Panic Attacks and Longer Episodes
During a full panic attack, palpitations can last longer than a brief anxious moment. A panic attack itself typically runs from a few minutes to about half an hour, but the physical aftereffects, including a sense of a racing or unsettled heart, can linger for several hours afterward. This residual feeling is your nervous system slowly winding down from a massive adrenaline surge, not a sign that something has gone wrong with your heart.
People with chronic anxiety or generalized anxiety disorder may notice palpitations recurring throughout the day or across several days, especially during high-stress periods. Each individual episode still tends to be brief, but the pattern of repeated episodes can make it feel like palpitations are constant. This cycle often intensifies because noticing palpitations creates more anxiety, which triggers more adrenaline, which causes more palpitations.
How to Shorten an Episode
The fastest way to interrupt anxiety palpitations is to activate your vagus nerve, which acts as a brake on your heart rate. Slow, deep belly breathing is the most accessible technique: breathe in through your nose for a count of six and out through your mouth for a count of eight, watching your belly expand on the inhale and contract on the exhale. Just a few minutes of this can shift your nervous system out of fight-or-flight mode and slow your heart.
Cold exposure also works surprisingly well. Splashing very cold water on your face or finishing a shower with a cold rinse for 30 seconds helps stimulate the vagus nerve and slows your heart rate. This is a physiological reflex, not a placebo. Your body redirects blood flow to your brain in response to cold, and heart rate drops as part of that process.
For longer-term prevention, regular endurance exercise (jogging, cycling, swimming) trains your vagus nerve to be more responsive, making your heart less reactive to stress over time.
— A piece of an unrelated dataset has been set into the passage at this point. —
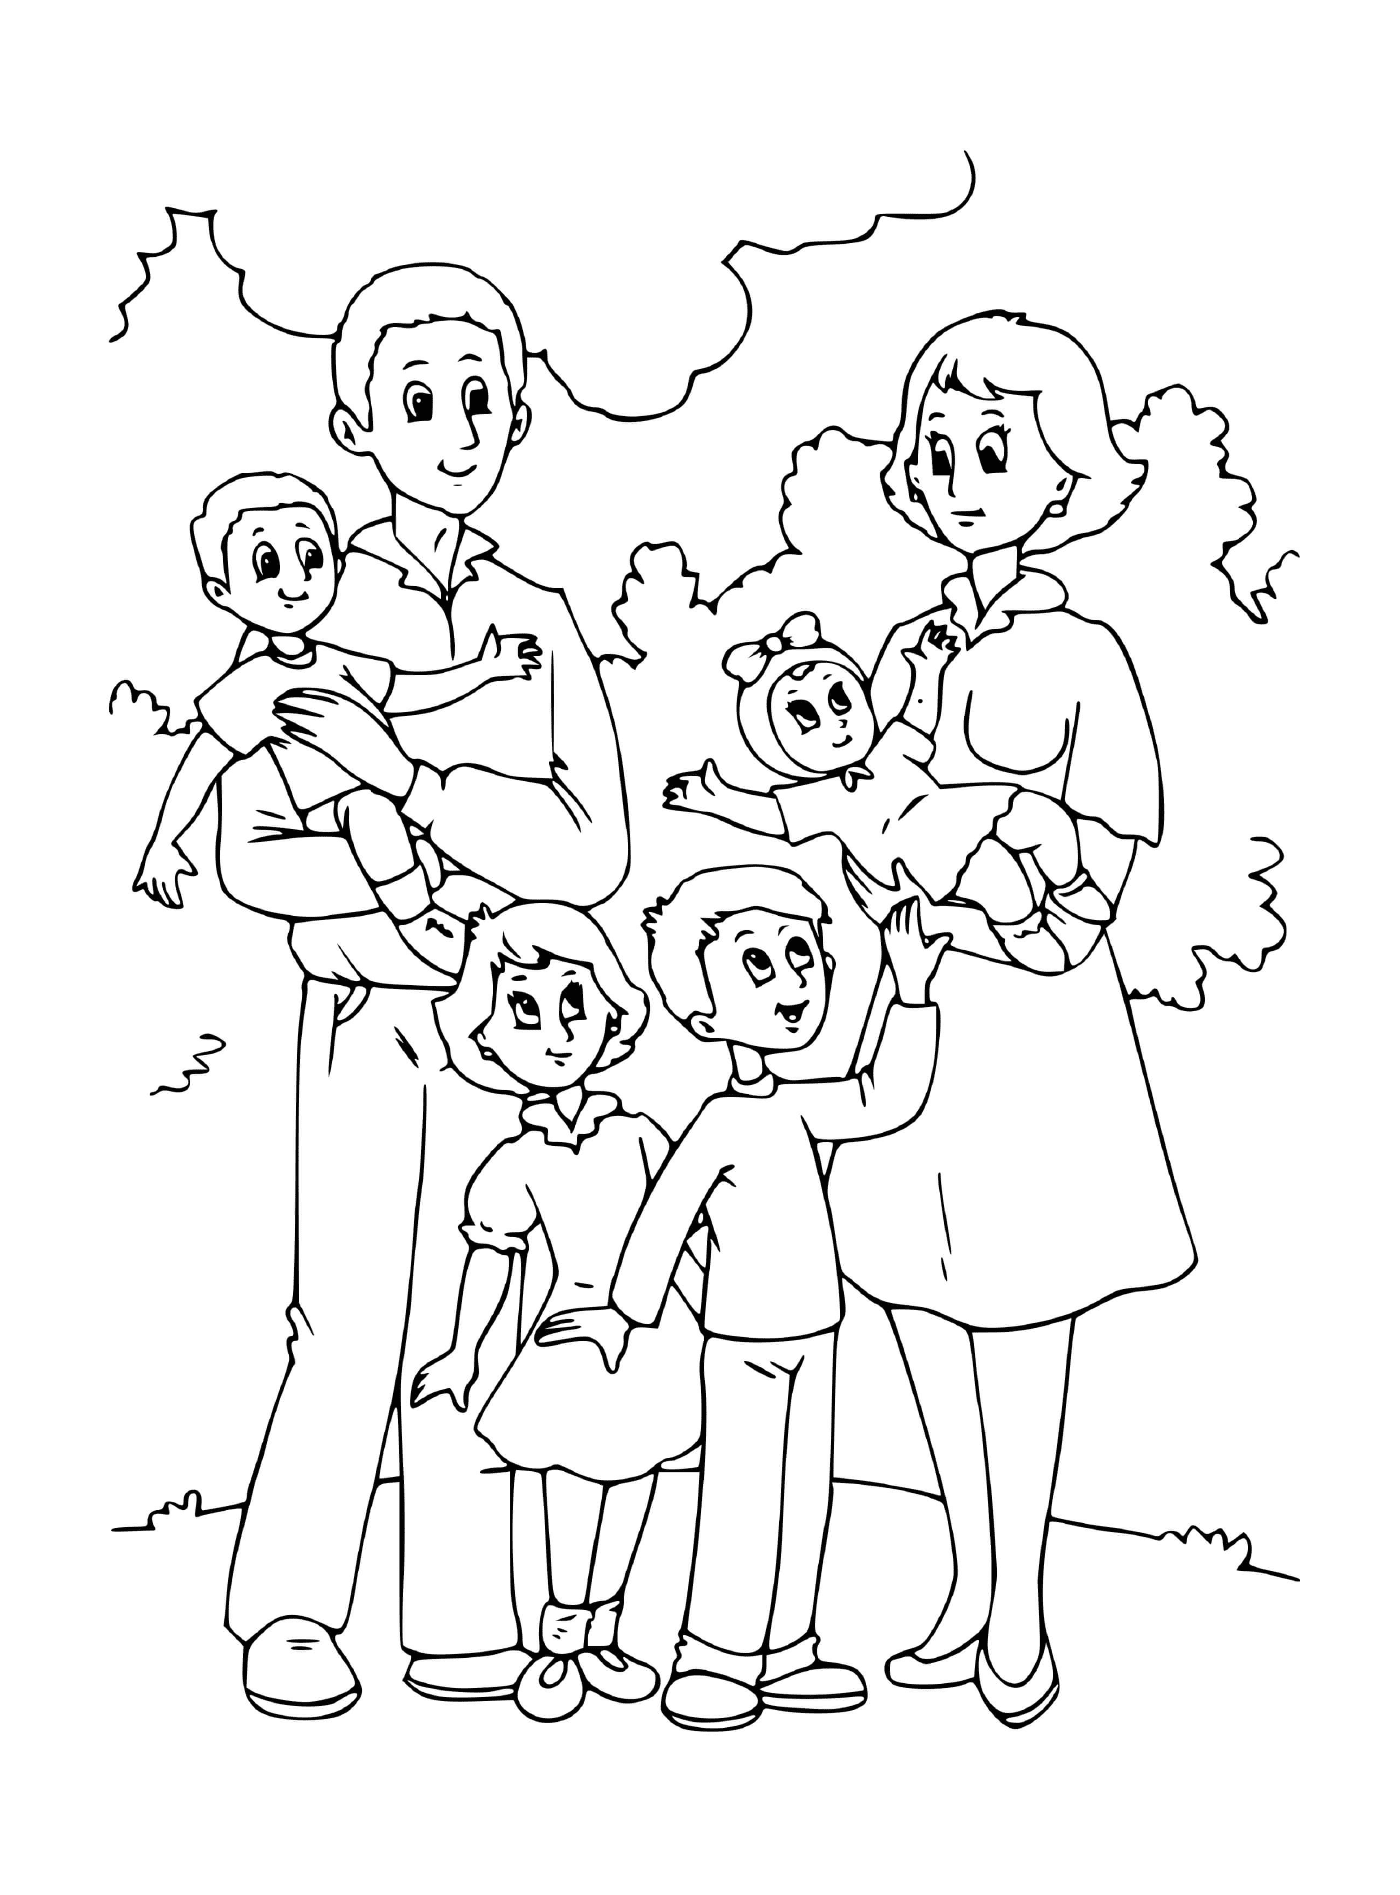   Une famille avec plusieurs enfants et leurs parents

Gentle massage, particularly of the neck, shoulders, and feet, also increases vagal tone. Deep tissue or painful massage can have the opposite effect, triggering a stress response instead.
When Palpitations Signal Something Else
Anxiety is one of the most common causes of palpitations, but not every episode is anxiety-related. The distinguishing factor is duration and context. Palpitations that happen frequently, last more than a few minutes, or occur without any identifiable stressor may point to a heart rhythm issue rather than anxiety.
Certain accompanying symptoms raise the level of concern significantly. Palpitations paired with fainting or near-fainting, chest pain or pressure, or severe shortness of breath warrant a medical evaluation. The same applies if you have a personal history of heart disease, a family history of sudden cardiac death or recurrent fainting, or if you’ve been told you have a structural heart condition.
A standard 12-lead ECG is typically the first step in ruling out a cardiac cause. This test is quick, painless, and can identify rhythm abnormalities like atrial fibrillation, where the upper chambers of the heart quiver instead of beating in a coordinated way. If palpitations are intermittent and hard to catch on a single ECG, a wearable heart monitor over days or weeks can help capture what’s happening during an episode.
For most people searching this question, the palpitations are brief, tied to stress, and resolve on their own. The fact that they feel frightening is part of what makes them persist: your body interprets the pounding as a threat, feeds the anxiety loop, and keeps the adrenaline flowing. Breaking that cycle with breathing techniques, cold exposure, or simply understanding what’s happening in your body is often enough to make the episodes shorter and less frequent over time.